# Menu Magic



## vcrase (Apr 4, 2002)

howdy,

Just wondering if you could help me out and tell me what your thoughts and views are on this satement below thank you!

"The menu is the main selling tool of the establishment. It needs to provide the right food at the right price to the right market. The menu is the means by which the chef sells his/her food, so it must be entcing and interesting."

Also What are the factors that influence menu planning?
What are the different types of menus?

Thanks Cya!


----------



## cookie3 (Jul 6, 2002)

The first rule for a menu is to identify, who is your customer, and what do they want. (providing you want your current customers)
Once you have done that then the rest is easy,


----------



## chiffonade (Nov 29, 2001)

The menu is like a face. It's the first thing a prospective client sees and a client can form an opinion as to further pursuit of your business simply by perusing the menu. Define your client base by the demographic that is prevalent in the area where your business will ultimately be. (Fried chicken set? Prime rib set?) Also, if you have made a name for yourself with a specialty, don't veer from that, especially in the beginning. No law against doing what you do best in order to make a name. 

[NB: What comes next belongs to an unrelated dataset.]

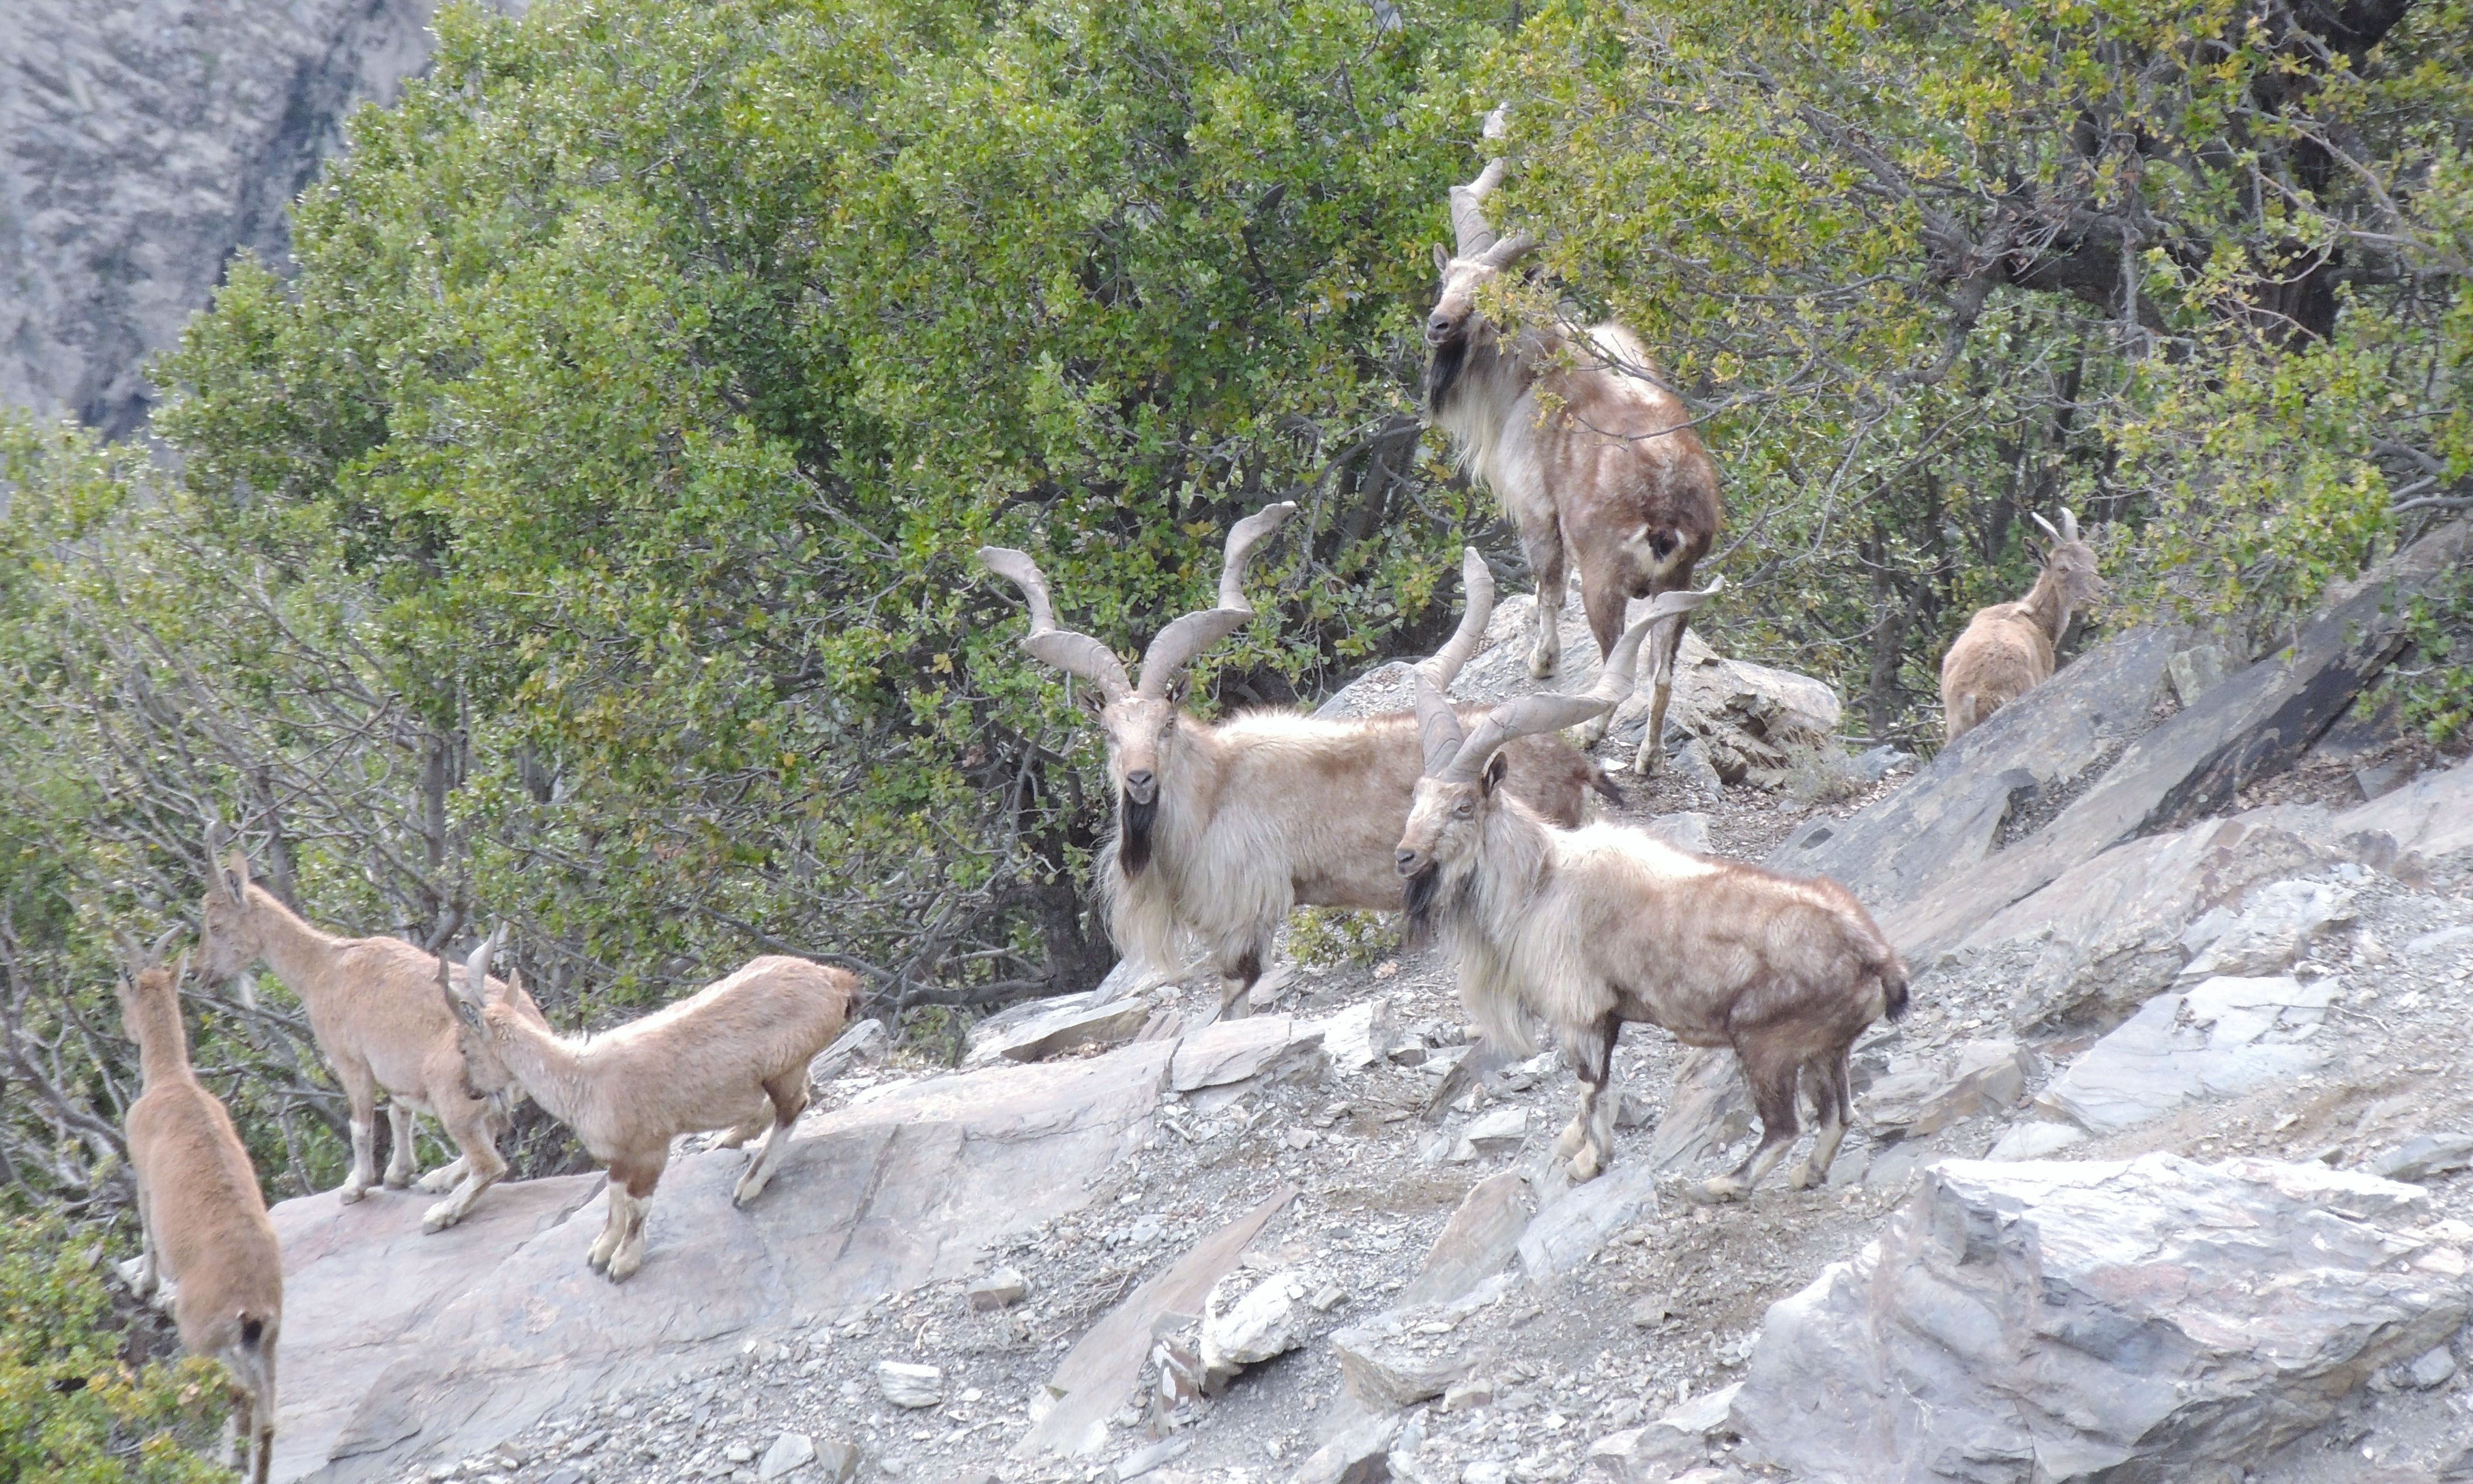 Markhor family in Chitral Gol National Park

Once the menu has the interest of a prospective client, other questions will become important. The distance you're willing to travel; budgeting considerations (a menu for lower-end clients and one for those with bucks), acceptable sizes of party (5? 500?), services you will provide (tables? linens? cutlery? servers?) - these will all help to further define who can consider using you and who can't. So have those answers ready.


----------